How does this work?

Encoding the song into binary data

Encoding a song works in a few stages. First, the song has a serialization format (thanks to serde), which is what it uses to read and write TOML (its canonical text format) and bincode (its canonical binary format). The song can therefore be read from a TOML file, then converted to a binary bincode format.

Then it is compressed as a gzip payload, this payload is baked into an image of the following format.

The image format

The image format uses concepts similar to steganography, where data is hidden in other data (often, binary data is hidden in the image data of a picture), but this is intentionally subverted to make it extremely clear that there is data in the image.

For an example of steganography, a loaded image is usually expressed as dimensions (x and y in pixels) and a series of pixels, where each pixel is composed of red, green, blue, and alpha (transparency) values. Each of these numbers is a byte, or 8 bits, meaning that they can be any number from 0 to 255 (00 to FF in hex, if you're familiar with hex notation). Each pixel has 32 bits, or 4 bytes, then. If you clobber the last two bits of each channel, you will change each color by at most 4 numbers (the difference between 124 and 128, for instance), and you won't easily be able to see the result in the picture, because the colors are only changed slightly. You could hide a full byte of data in every pixel of an image. This has downsides. The image will end up larger than the data you put into it, potentially by a large amount, and any amount of jpeg compression will destroy your data. All the data will also be in the top pixels of the picture.

I wanted to bake data into an image, but with different requirements:

What I do here is encode 6 bits in each pixel, by using 2 bits from each color channel. I chose bits 4 and 5, meaning that for each value, there are 4 contiguous ranges of values it can be in while still having the data, as shown in the following image (the left numbers show the decimal value of the color, the right numbers show the decimal value of the contained data, and then the binary value in parentheses):


When I change a pixel to contain data, I change it to the middle of the nearest range with the value I want. This allows the color to change enough to be clear that it has been modified, but little-enough to still be recognizable roughly as the color it was. Moving to the middle of the range means that changes in color from jpeg compression has to be more extreme to destroy the contained data, so things being uploaded to compressing image hosts like Twitter won't destroy the data.

Because there are only 6 bits per pixel, when I am encoding bytes into the image, I have to interleave them so that every 4 pixels contains 3 bytes of data (very similarly to how base64 works, but with bits of color channels instead of a 64-character set; you could easily map each pixel to a base64 character to express the same exact data).

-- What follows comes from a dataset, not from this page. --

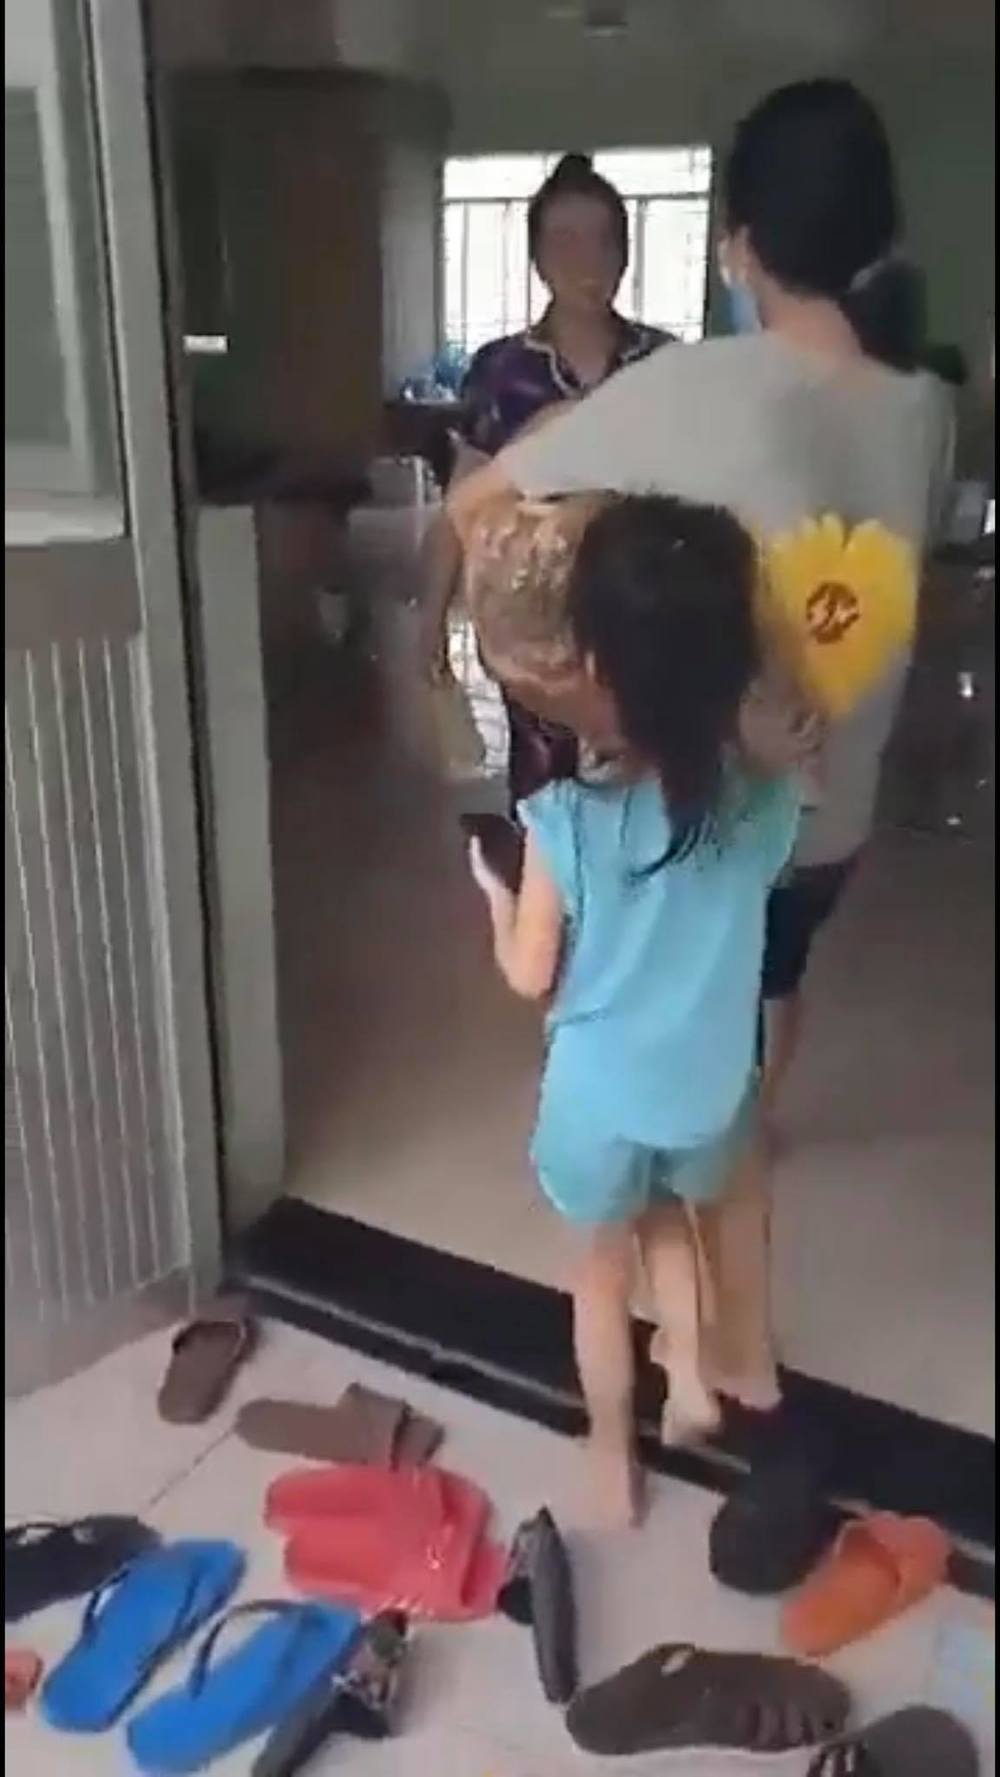  
Cô bé lớn thấy mẹ từ ngoài cửa liền vô cùng vui mừng. (Ảnh: Chụp màn hình)

So the data to encode into the image is first prefixed with a 16-bit length (meaning this has a hard limit of 64KiB), and then converted into the pixel value data, the target is inserted at the beginning (this target is used in decoding to figure out how big each superpixel is), and then we do a simple square root to see the size of the grid we need. The grid is checked against the destination image dimensions to see how big each superpixel needs to be, and then each superpixel region is processed, with the target simply rendered on the top-left corner, and each image pixel being modified to contain the value of the superpixel. Because very few images will be an exact square number, the rest of the superpixels are filled with unimportant values so that the color effect will fill the entire image.

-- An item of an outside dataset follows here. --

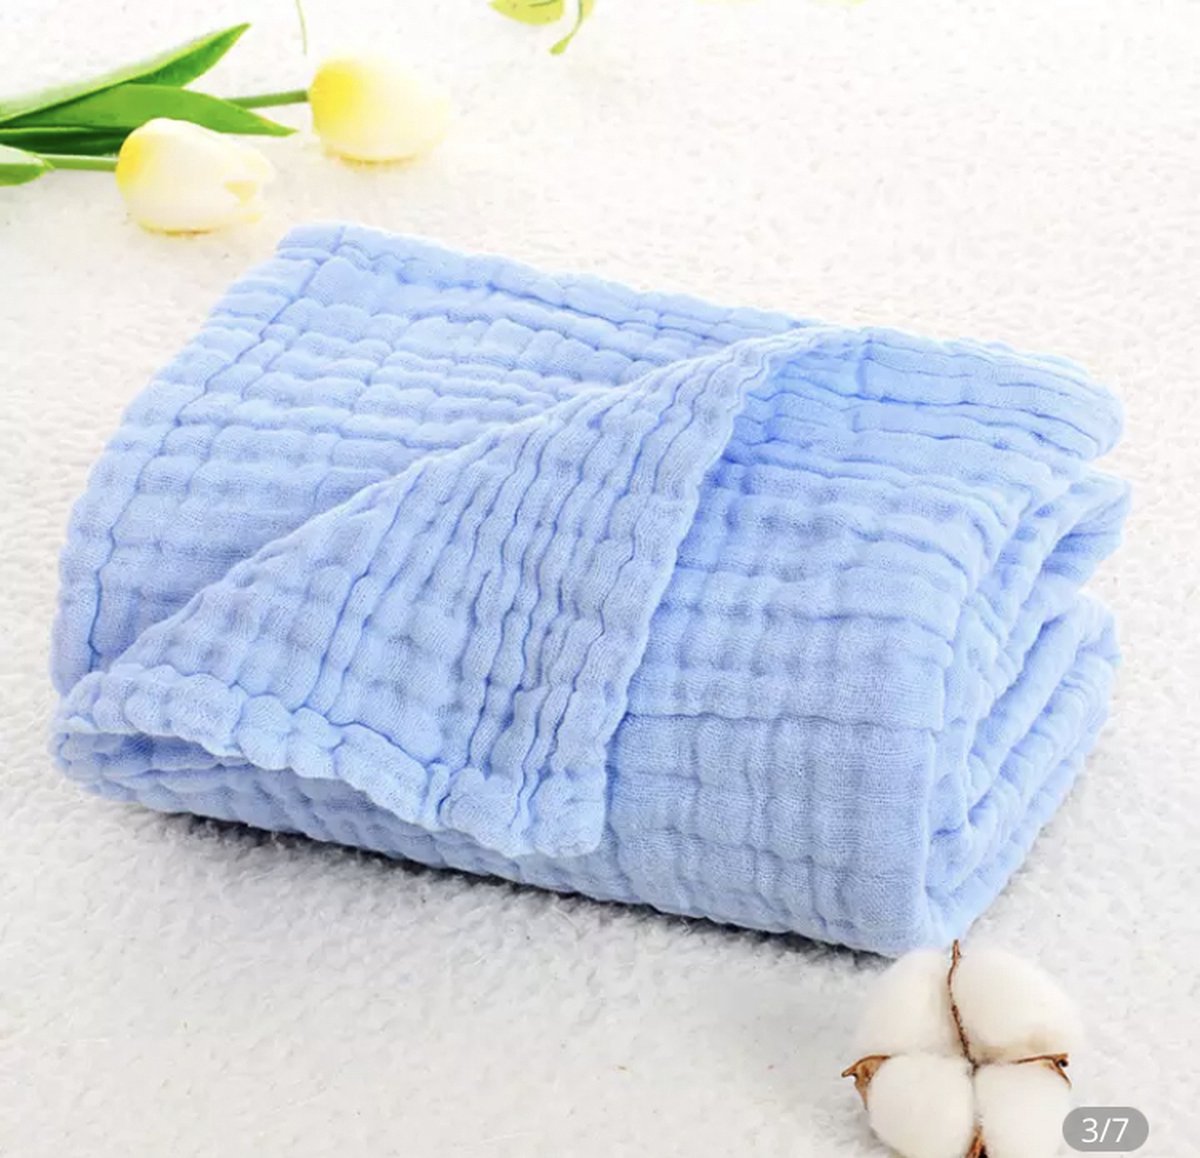 IL BAMBINI - Inbakerdoek - 6 laags mousseline deken voor pasgeboren baby - blauw

You might think that it would be enough to just lay the pixels out left-to-right and top-to-bottom, but that doesn't actually work, because if you have a data-grid of 37 and you are baking it into a 100x100 image, it will determine that you need 2-pixel by 2-pixel superpixels, and bake them. When you decode the image, though, it will find that superpixels are 2 pixels big, and think that you have a 50x50 superpixel grid, and you will read a bunch of garbage interleaved into your grid. We could solve this with a length at the beginning of the data, but that's wasteful. Given that the data is already length-prefixed and will already be trailed with garbage data, we can instead rearrange the reading order to allow all the garbage data, but just ensure it's at the end. We can do this by reading the image in a spiral order from the target, like so:


The transparent green represents the length prefix of the binary data (as the length prefix is 16 bits, and each pixel is 6 bits, the length prefix takes up 2 + 2/3 of the superpixels). This conveniently makes it not matter how big the decoder thinks the grid is, as long as it never underestimates.

Decoding the image

The decoder works by scanning from the top left to find the target pattern and figure out how wide and tall each superpixel is. Then it iterates each superpixel in order, scans each pixel inside, and selects the value that most pixels in the superpixel seem to represent (compression and such can affect some of the values, so as long as most are correct, it should be fine). Then that payload is decoded out using the length prefix, the data is decompressed, and then used as bincode binary data to decode a Song out of it.

Playing the song

The song is generated as PCM. Simply put, each note has its frequency determined, and a ramp is set up to go from 0 to 1 that many times a second. The instrument selected uses that ramp to generate sound waves, which your browser then turns into audio output.